Send Telemetry to Splunk Enterprise from Azure Resources via Azure Monitor, Part 1
Azure Monitor is Microsoft Azure’s built-in pipeline for searching, archiving, and routing your monitoring data, providing a single path for getting Azure data into 3rd party analytics systems. An open source project has recently published a Splunk modular input, or add-on, that allows users to easily send telemetry from Azure-based resources such as VMs, web sites and many others directly into Splunk Enterprise. If you already know what Azure Monitor is and what an add-on is and you just want to get it, head on over to Splunkbase by clicking here.
This is Part 1 of a 5 part blog series. Here’s the list of links:
- Cloud-based Splunk, using the add-on (Part 2)
- Cloud-based Splunk, using the HTTP Event Collector (Part 3)
- Premises-based Splunk, using private network (Part 4)
- Premises-based Splunk, via the internet (Part 5)
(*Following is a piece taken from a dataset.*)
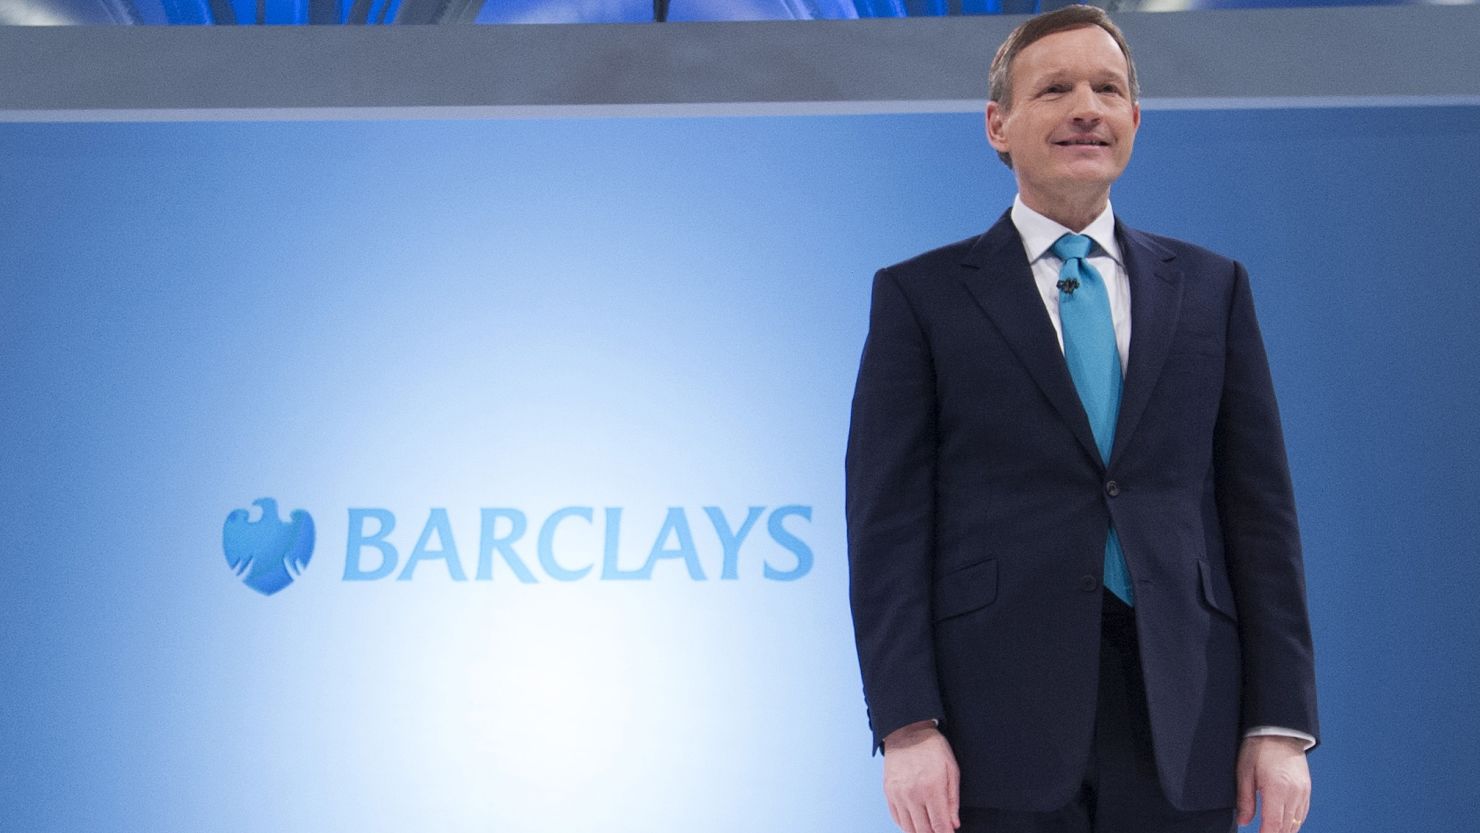 Barclays CEO Jenkins is different. He has a vision of a more ethical and socially responsible bank, writes Cooper.

What data can I get from Azure Monitor?
Two types of data can be gotten from Azure Monitor: metrics and logs. There are two types of data sources for logs: Azure resources and your Azure subscription.
If an Azure resource emits logs via Azure Monitor, they are known as Diagnostic Logs. Each log record will be of one log category for that resource type (such as Network Security Group, or Microsoft.Network/networkSecurityGroup). A resource type may emit log records of more than one log category.
Your Azure subscription emits log records for various operations on your Azure resources such as create or update. These logs are known as Activity Logs, though they used to be known as Operational Logs or Audit Logs.
Some Azure resources emit metrics. An example is a VM. VM’s emit metrics such as Percentage CPU or network bytes in or out, and so on.
Here are a few more links if you want to learn more:
How do I get the add-on and get access to all of this data?
Full installation and configuration instructions are published in the wiki of the repo. Briefly though, download the SPL file from the packages folder of the repo then install into Splunk Enterprise using the Manage Apps page. There will be a couple more steps to install software dependencies onto your system. And there will be a few configuration steps for both Splunk and Azure. It takes less than 10 minutes and it’s all in the wiki.